Several activities should be considered before performing a review. The first activity of the planning stage relates to identifying the need for performing a systematic mapping. The science development of a specific area is improved continually by researchers, and they are constantly remodeling such fields. Due to this, the understanding area might be requested by new researchers or non-experts. Aggregating this information is a common researcher requirement because it allows analysis so that the preliminary results individually do not present such information.

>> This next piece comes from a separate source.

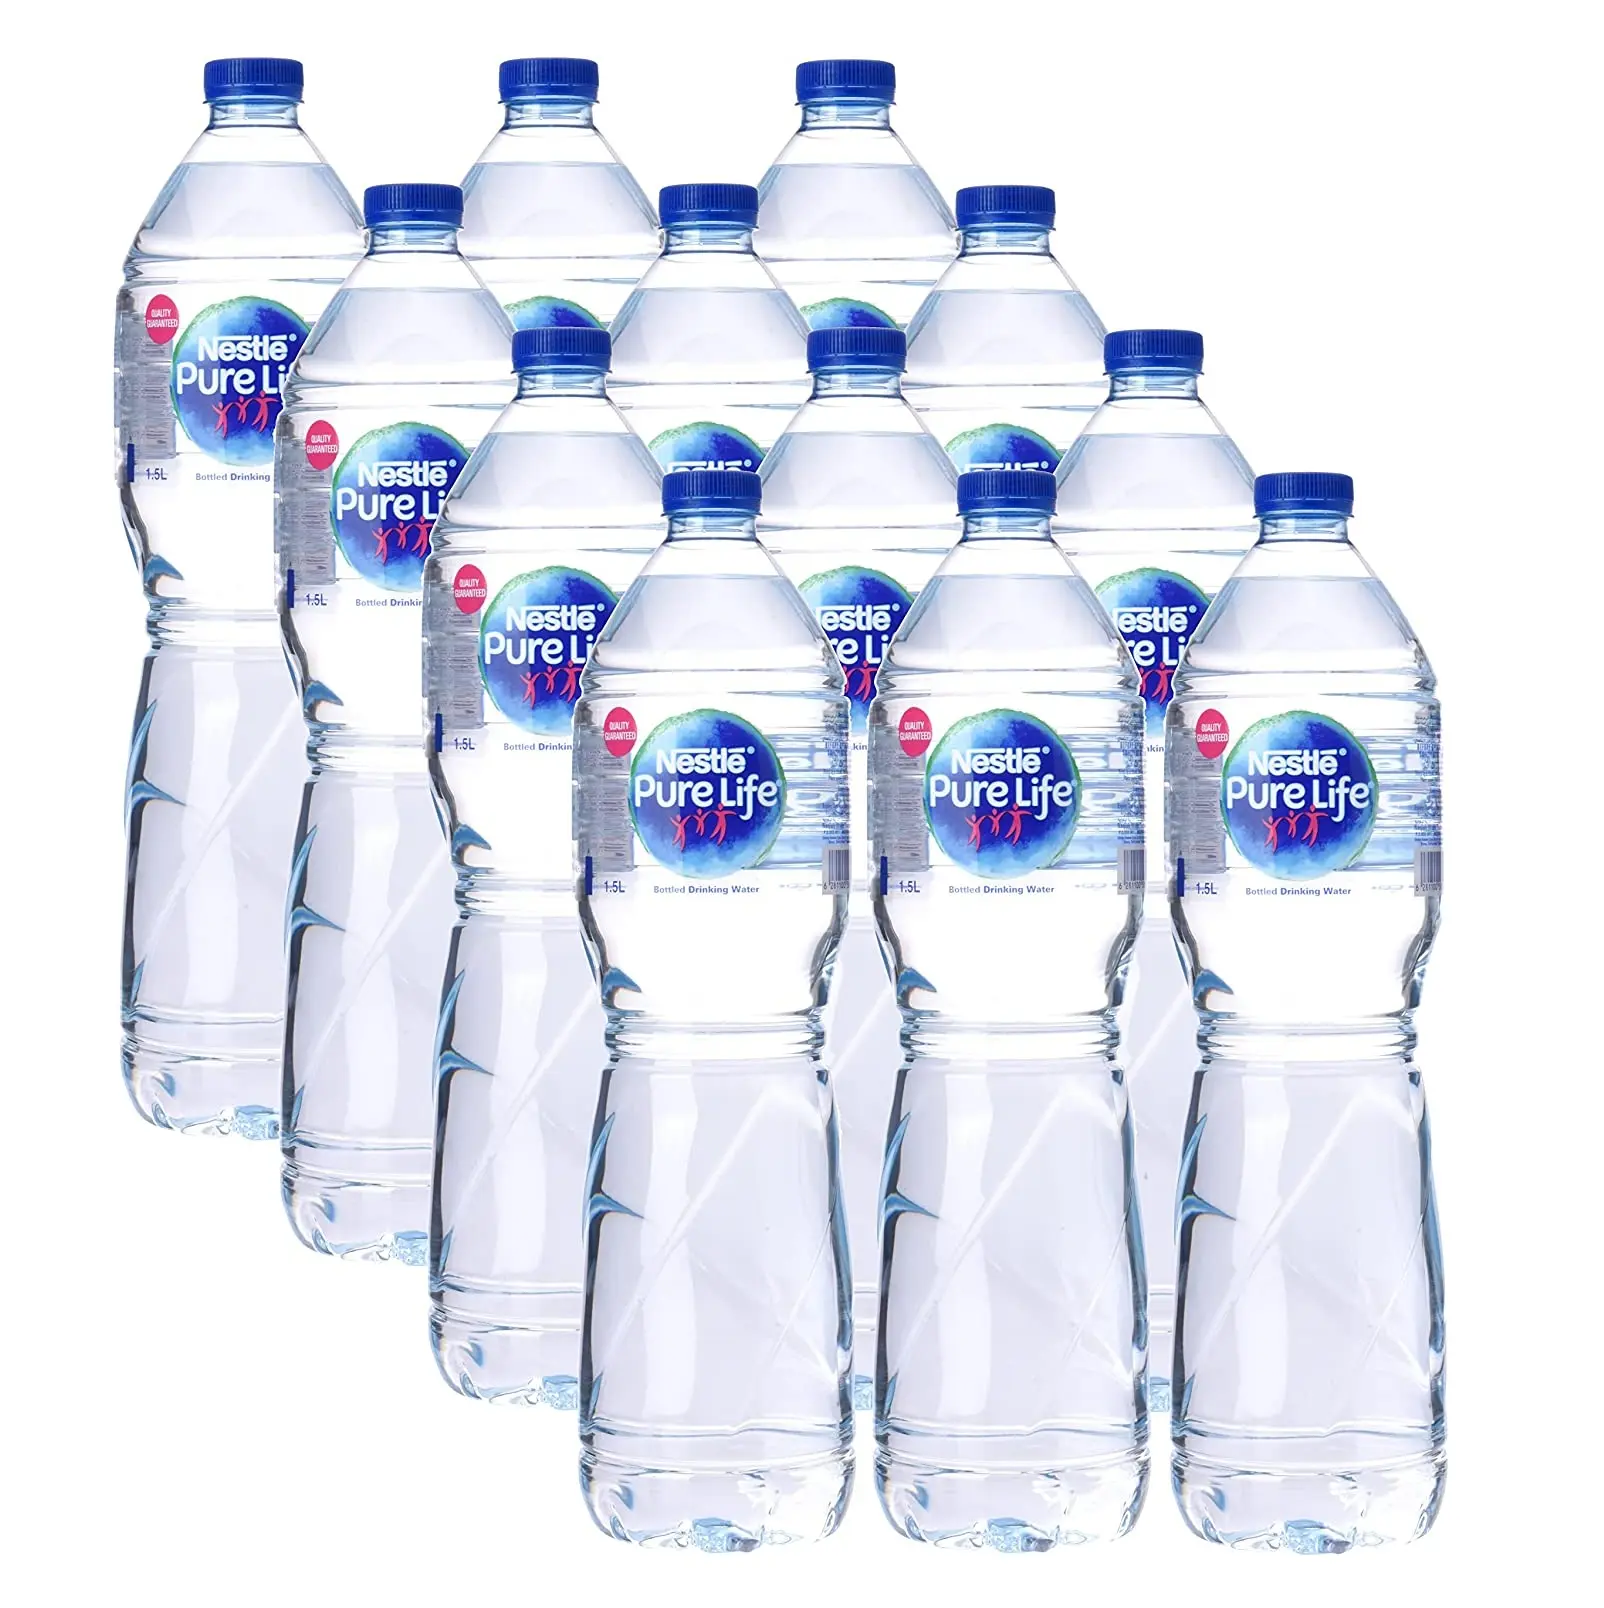 زجاجة حياة نقية أصلية معبأة في زجاجات مياه الشرب-12 x Ltr بسعر الجملة الرخيص

Specifying the research question is another critical activity. Every research aims at solving or improving some specific problem. Essentially, the research development must be clear and concise, which helps avoid research bias introduction. In [26] researchers argue that the most crucial part of systematic mapping conduction is the research question specification process. The main objectives in the research question specification process are to identify the primary studies that will be analyzed and the extracted data that will be used to answer these questions requirements. Finally, the development of the mapping protocol, which can be understood as the act of putting the protocol into practice, was presented.

3.2 PICOC

Research questions should bounder the research scope. The researchers in [27] suggested considering an extended medical guideline, PICOC (Population, Intervention, Comparison, Outcome, Context), to construct the research questions. In this guideline, Population refers to the group of elements that are being investigated; Intervention refers to the element that addresses the study; the Comparison is used to compare the previously specified intervention; the Outcome describes the expected results; and finally, the Context element delimits the domain of the study in which the intervention is delivered and investigated. For our study, the definitions of the PICOC terms are presented.

  • Population (P): Fog OR Edge Computing OR Gateway.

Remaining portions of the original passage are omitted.